I did not want to jump into this fray, but as I busily review proposals
for computer time at the NSF centers tonight (and I'm a bit late, as
usual)-- proposals that mostly involve running simulations of less than
100K atoms-- I would contend that we do not need to reach that megascale,
yet, and I do say "yet". NAMD works, and at present there are very few
large scale simulations beyond those of a few groups, like Schulten
(viruses, Bar domains, ...), Voth (Bar domains), Sanbonmatsu
(ribosome), ...

I would contend that 500K is not as routine as 20K was a decade
ago. Moreover, we have many many more people running simulations in the
10-100K range now than we ever did in *any* range a decade ago (including
in-vacuo). The field has exploded.

My personal take on the large hero simulations is that they are easy.
With so many atoms, there is a much smaller chance of a small instability
or local error occuring that propagates to kill the system. Moreover,
with so many atoms, how can you possible detect a funny alpha/gamma
artifact in DNA or an alpha-helix bias in the protein?

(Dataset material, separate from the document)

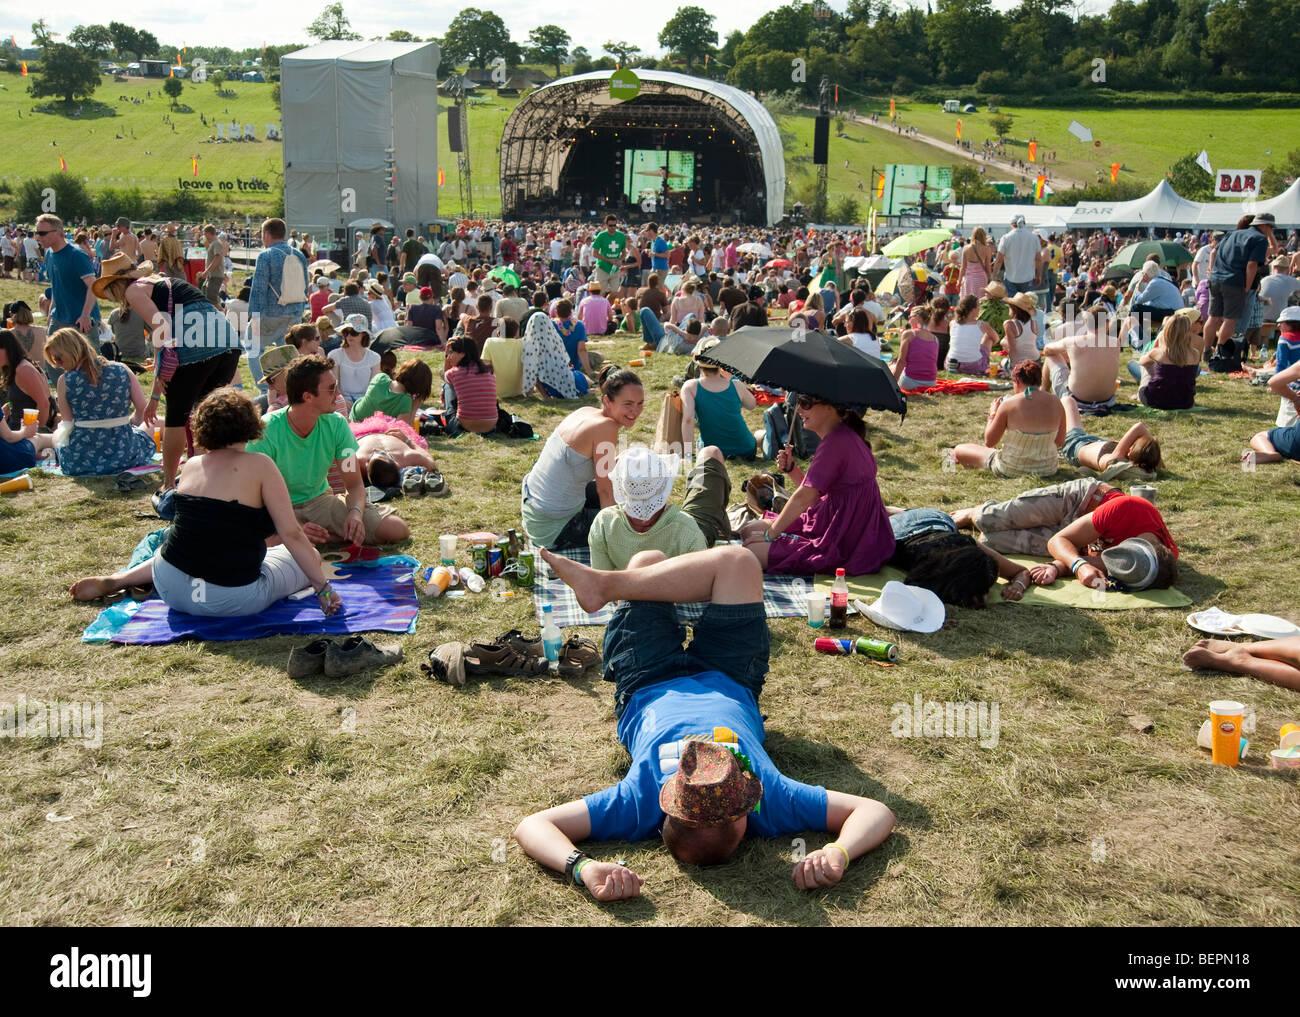 La gente en el Big Chill festival en Gran Bretaña Imagen De Stock
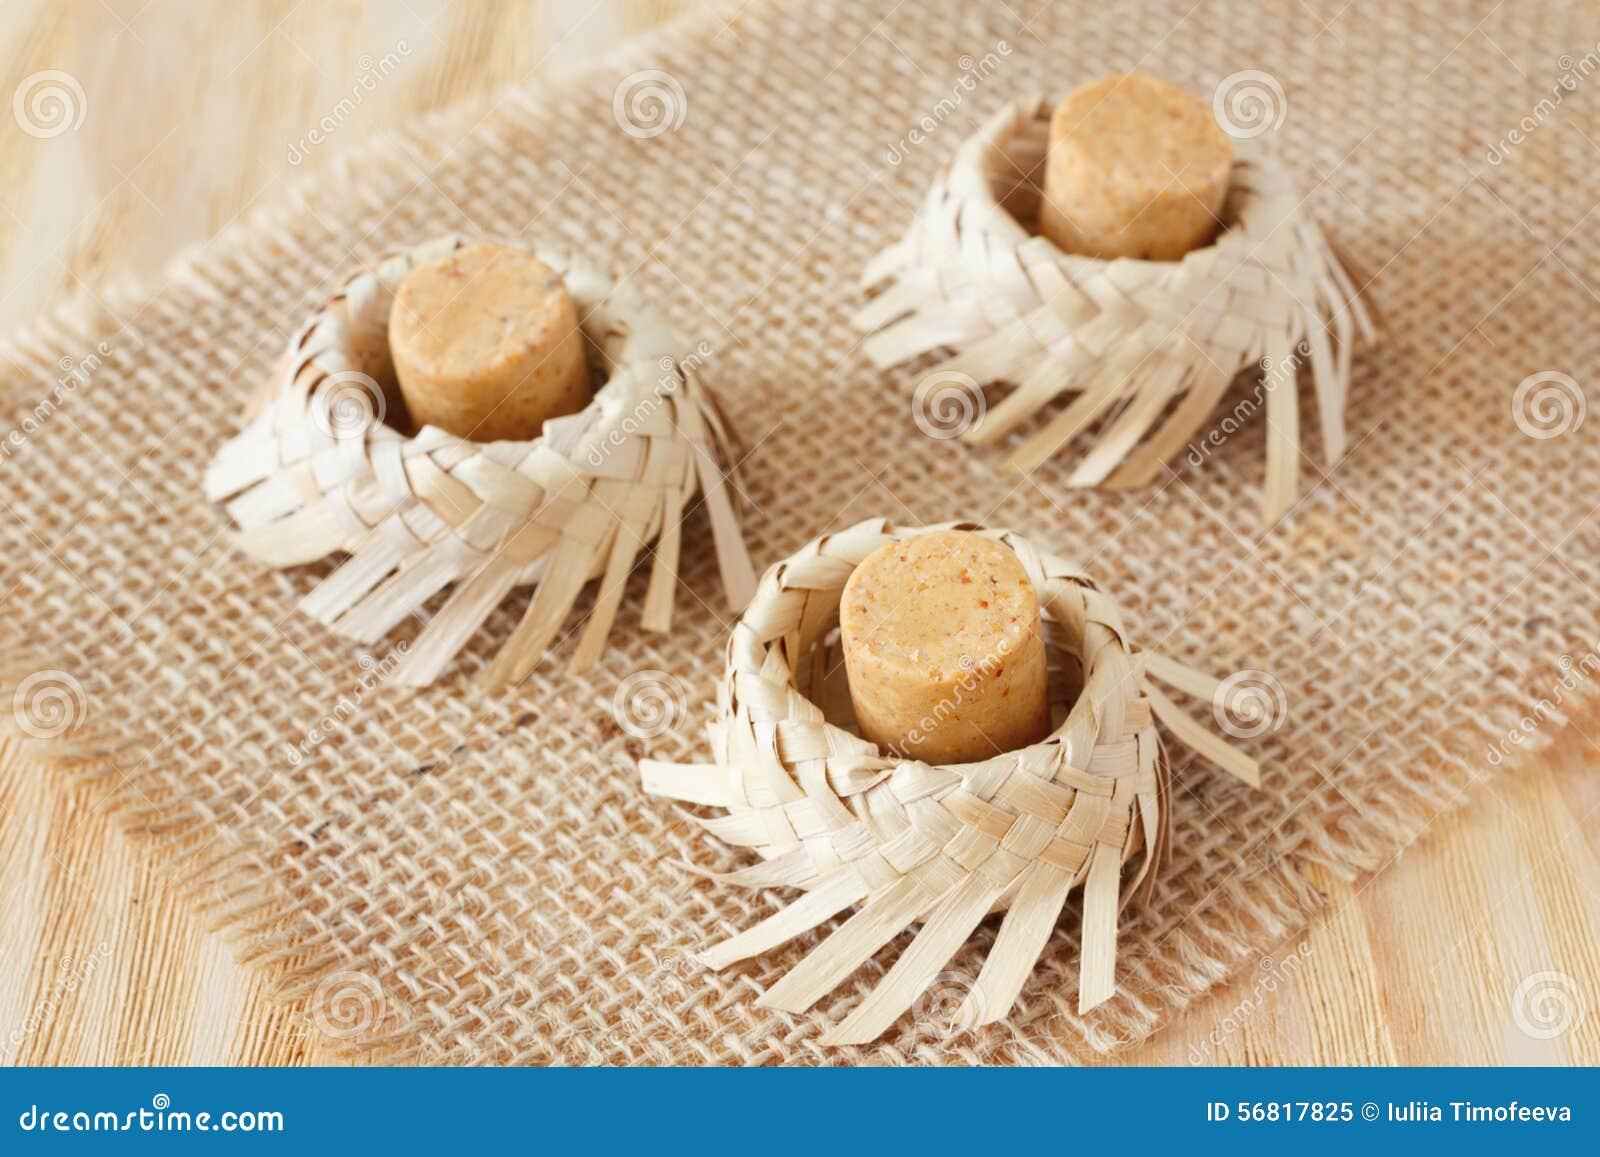 Brasilianische Dekoration pacoca - brasilianische süßigkeit der grunderdnuß stockbild - bild

I have run a large set of proteasome simulations of 200K-500K atoms and
also DNA mini-circles at 200K atoms using sander. You can hot start these
at 300K from a loosely minimized solvated crude protein model straight
from LEaP and everything is peachy, i.e. it runs fine. In addition to
being stable, you cannot really run long enough to find artifact or see
problems. I think the model of these hero calculations is: stable one-off
simulation + cursory analysis + "benchmark" as first of kind ==
publication.

This is what Mike was stating and this is not what I think AMBER is about.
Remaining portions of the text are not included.